Douglas Adams once famously wrote that the “answer to the ultimate question of life, the universe and everything is 42.”
I beg to differ. For many scientists, the answer is any number less than or equal to 0.05.
Why, you ask? The answer lies in p-values. If you’ve never worked heavily with statistics, you might think this is the lead up to a bathroom joke (“No, no, I mean, ‘P’ like the letter, not like THAT…”). What is a p-value, then? I offer you three definitions:
My Flippant Definition: The p-value is an arbitrary number that determines if a scientist gets paid.
Internet Definition: “The p-value, or calculated probability, is the probability of finding the observed, or more extreme, results when the null hypothesis (H0) of a study question is true – the definition of ‘extreme’ depends on how the hypothesis is being tested” (source).
This is similar to the definition I wrote in my lecture notes when the topic was first introduced to me, but it means very little unless you apply it. (I find this to be true for most math stuff.)
Before we move on to a more helpful description, here’s a quick overview on a couple of important terms I’ll be using:
Null Hypothesis: Every experiment has a “null hypothesis.” The null hypothesis states that there is no difference, no effect, or no pattern.

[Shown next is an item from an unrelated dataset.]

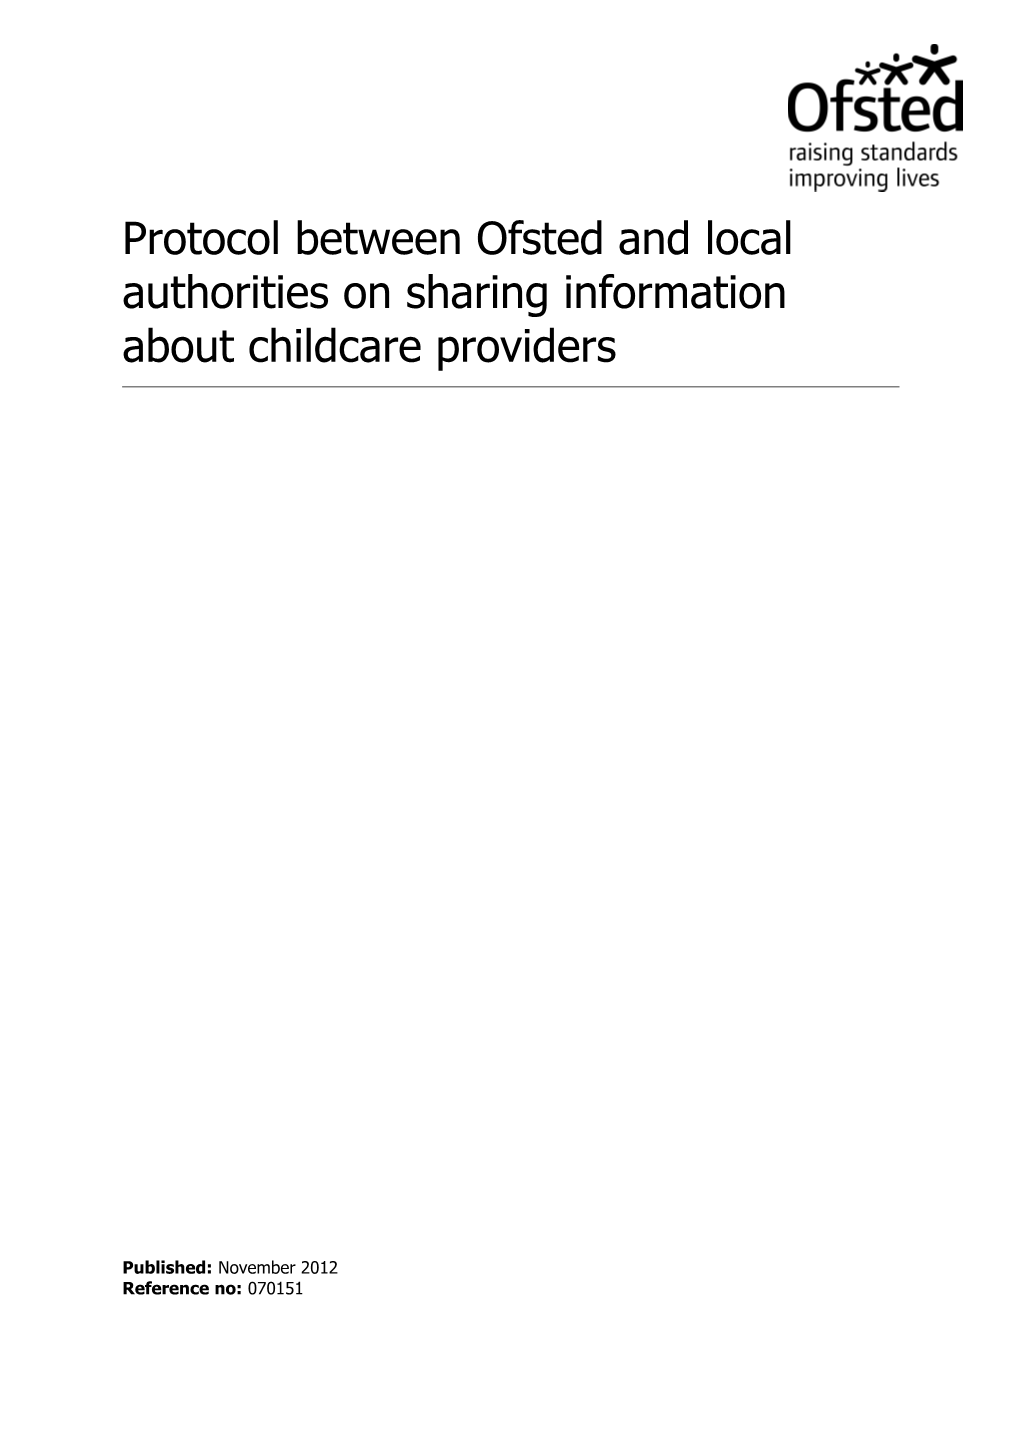 Protocol Between Ofsted and Local Authorities on Sharing Information About Childcare Providers

It contrasts the “alternative hypothesis.” An important thing to take note of for this post is that p-values are determined in relation to the null hypothesis being true. This is because the null hypothesis is always assumed true unless significant results suggest otherwise.
Alternative Hypothesis: The alternative hypothesis describes the difference, effect, or pattern that the researcher is looking for. When a researcher begins their experiment, they are predicting that the alternative hypothesis is true.

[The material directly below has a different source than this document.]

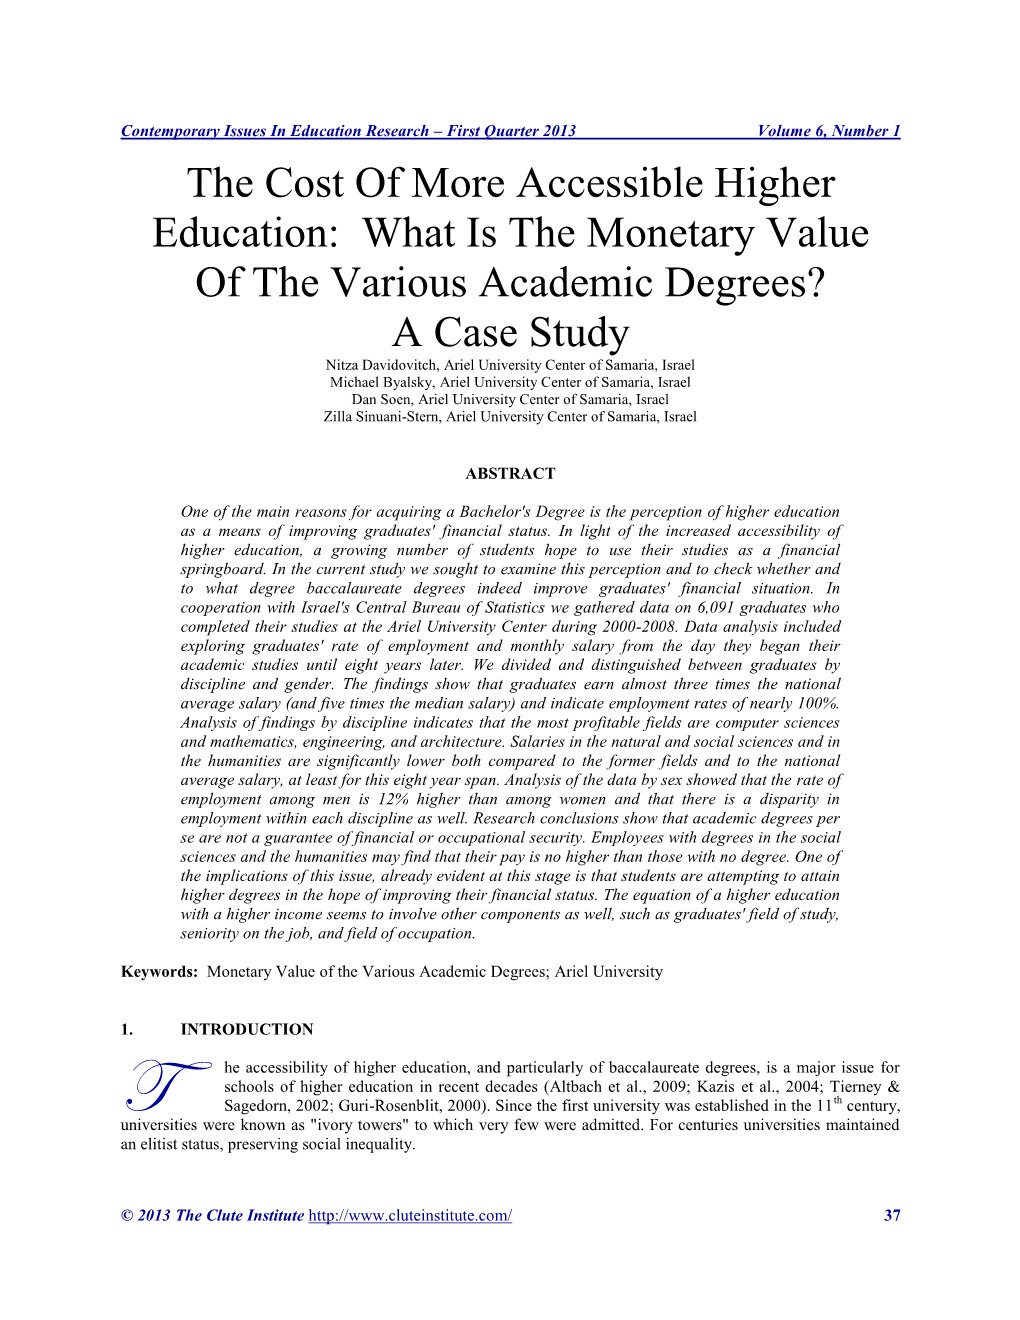 The Cost of More Accessible Higher Education: What Is the Monetary

My More Helpful Definition: The internet definition is technically correct, it just needs some explaining. Here’s an example. Let’s say I’m doing an experiment about M&M color distributions.* My null hypothesis is that there are equal proportions of each color in any given bag of M&Ms. My alternative hypothesis is that there are proportionally more red M&Ms. To test this, I randomly pick 20 M&Ms out of a bag of 100.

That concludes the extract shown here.